Copy exactly the lines that run from the line containing "Picture of: Ford" to the end of the material below, both ends included.

----

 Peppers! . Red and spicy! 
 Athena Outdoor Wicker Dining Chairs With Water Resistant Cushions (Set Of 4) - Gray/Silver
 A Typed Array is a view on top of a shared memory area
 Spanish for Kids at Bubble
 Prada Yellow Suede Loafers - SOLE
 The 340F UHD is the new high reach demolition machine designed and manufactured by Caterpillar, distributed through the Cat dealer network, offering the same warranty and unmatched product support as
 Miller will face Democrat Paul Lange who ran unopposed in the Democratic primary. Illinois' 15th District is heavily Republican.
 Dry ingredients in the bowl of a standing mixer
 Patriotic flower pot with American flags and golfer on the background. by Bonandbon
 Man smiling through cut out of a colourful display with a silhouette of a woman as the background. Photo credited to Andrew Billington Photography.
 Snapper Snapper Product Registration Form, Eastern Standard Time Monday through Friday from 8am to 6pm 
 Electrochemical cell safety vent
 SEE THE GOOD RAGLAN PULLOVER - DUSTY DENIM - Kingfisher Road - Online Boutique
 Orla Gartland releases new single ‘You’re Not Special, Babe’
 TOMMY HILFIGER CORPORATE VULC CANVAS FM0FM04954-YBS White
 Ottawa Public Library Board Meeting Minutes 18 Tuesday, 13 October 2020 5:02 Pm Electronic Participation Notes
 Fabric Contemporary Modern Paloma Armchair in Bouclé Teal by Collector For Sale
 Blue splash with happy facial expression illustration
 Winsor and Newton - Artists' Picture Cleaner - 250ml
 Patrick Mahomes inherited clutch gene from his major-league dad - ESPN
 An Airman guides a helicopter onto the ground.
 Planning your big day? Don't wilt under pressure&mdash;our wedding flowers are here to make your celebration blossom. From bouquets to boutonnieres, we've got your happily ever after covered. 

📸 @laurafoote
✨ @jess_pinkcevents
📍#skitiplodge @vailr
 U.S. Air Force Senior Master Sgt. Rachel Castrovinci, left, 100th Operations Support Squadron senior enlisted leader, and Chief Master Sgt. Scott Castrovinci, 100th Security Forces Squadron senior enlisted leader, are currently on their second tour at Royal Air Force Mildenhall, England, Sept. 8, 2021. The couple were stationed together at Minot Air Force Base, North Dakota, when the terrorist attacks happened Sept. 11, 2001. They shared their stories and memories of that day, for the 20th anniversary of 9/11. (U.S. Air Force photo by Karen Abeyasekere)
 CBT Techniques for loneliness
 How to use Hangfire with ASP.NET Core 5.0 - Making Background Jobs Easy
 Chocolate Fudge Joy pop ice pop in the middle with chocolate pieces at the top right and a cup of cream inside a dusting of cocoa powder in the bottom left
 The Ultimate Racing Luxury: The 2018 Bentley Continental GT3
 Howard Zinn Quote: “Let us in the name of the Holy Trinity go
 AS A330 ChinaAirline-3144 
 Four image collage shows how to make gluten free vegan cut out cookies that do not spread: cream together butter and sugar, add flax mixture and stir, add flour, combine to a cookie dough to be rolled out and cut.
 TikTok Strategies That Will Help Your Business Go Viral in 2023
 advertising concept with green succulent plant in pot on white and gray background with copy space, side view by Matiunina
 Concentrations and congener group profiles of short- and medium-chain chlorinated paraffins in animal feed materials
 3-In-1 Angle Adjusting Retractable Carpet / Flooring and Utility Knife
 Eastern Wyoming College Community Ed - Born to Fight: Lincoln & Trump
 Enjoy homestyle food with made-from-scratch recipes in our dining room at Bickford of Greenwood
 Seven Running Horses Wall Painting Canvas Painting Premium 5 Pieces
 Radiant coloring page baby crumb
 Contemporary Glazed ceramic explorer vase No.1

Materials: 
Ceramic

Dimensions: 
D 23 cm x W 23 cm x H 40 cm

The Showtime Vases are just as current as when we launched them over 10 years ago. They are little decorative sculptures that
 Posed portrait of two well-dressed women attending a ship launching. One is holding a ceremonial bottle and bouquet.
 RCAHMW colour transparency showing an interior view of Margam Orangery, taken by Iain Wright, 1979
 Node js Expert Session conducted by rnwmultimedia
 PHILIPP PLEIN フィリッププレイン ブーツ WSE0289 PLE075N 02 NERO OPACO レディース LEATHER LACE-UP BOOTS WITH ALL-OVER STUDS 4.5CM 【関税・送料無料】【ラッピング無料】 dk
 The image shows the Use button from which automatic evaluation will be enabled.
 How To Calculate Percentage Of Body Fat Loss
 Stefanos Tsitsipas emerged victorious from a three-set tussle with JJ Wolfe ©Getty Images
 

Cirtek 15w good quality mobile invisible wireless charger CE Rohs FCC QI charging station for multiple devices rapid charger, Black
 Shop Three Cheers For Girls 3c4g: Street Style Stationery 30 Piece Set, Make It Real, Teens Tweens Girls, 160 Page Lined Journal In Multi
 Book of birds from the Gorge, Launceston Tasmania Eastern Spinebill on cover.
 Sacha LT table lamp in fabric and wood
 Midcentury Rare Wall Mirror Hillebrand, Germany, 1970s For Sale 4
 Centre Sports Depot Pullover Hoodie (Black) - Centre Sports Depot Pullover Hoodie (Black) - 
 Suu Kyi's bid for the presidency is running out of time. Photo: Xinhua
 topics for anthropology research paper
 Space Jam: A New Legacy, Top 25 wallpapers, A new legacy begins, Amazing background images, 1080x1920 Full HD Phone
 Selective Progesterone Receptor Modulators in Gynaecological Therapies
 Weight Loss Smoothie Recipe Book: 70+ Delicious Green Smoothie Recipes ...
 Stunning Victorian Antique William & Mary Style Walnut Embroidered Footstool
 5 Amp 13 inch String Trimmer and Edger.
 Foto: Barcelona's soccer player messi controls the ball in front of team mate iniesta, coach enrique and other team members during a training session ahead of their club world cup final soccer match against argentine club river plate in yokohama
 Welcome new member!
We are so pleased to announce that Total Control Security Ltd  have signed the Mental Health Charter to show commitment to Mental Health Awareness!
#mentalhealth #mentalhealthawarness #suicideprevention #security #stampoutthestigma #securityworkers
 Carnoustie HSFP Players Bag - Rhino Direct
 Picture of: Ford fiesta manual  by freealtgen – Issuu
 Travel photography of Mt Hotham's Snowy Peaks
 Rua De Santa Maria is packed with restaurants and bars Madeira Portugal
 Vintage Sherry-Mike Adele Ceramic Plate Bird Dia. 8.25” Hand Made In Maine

----

:: RESPONSE ::
 Picture of: Ford fiesta manual  by freealtgen – Issuu
 Travel photography of Mt Hotham's Snowy Peaks
 Rua De Santa Maria is packed with restaurants and bars Madeira Portugal
 Vintage Sherry-Mike Adele Ceramic Plate Bird Dia. 8.25” Hand Made In Maine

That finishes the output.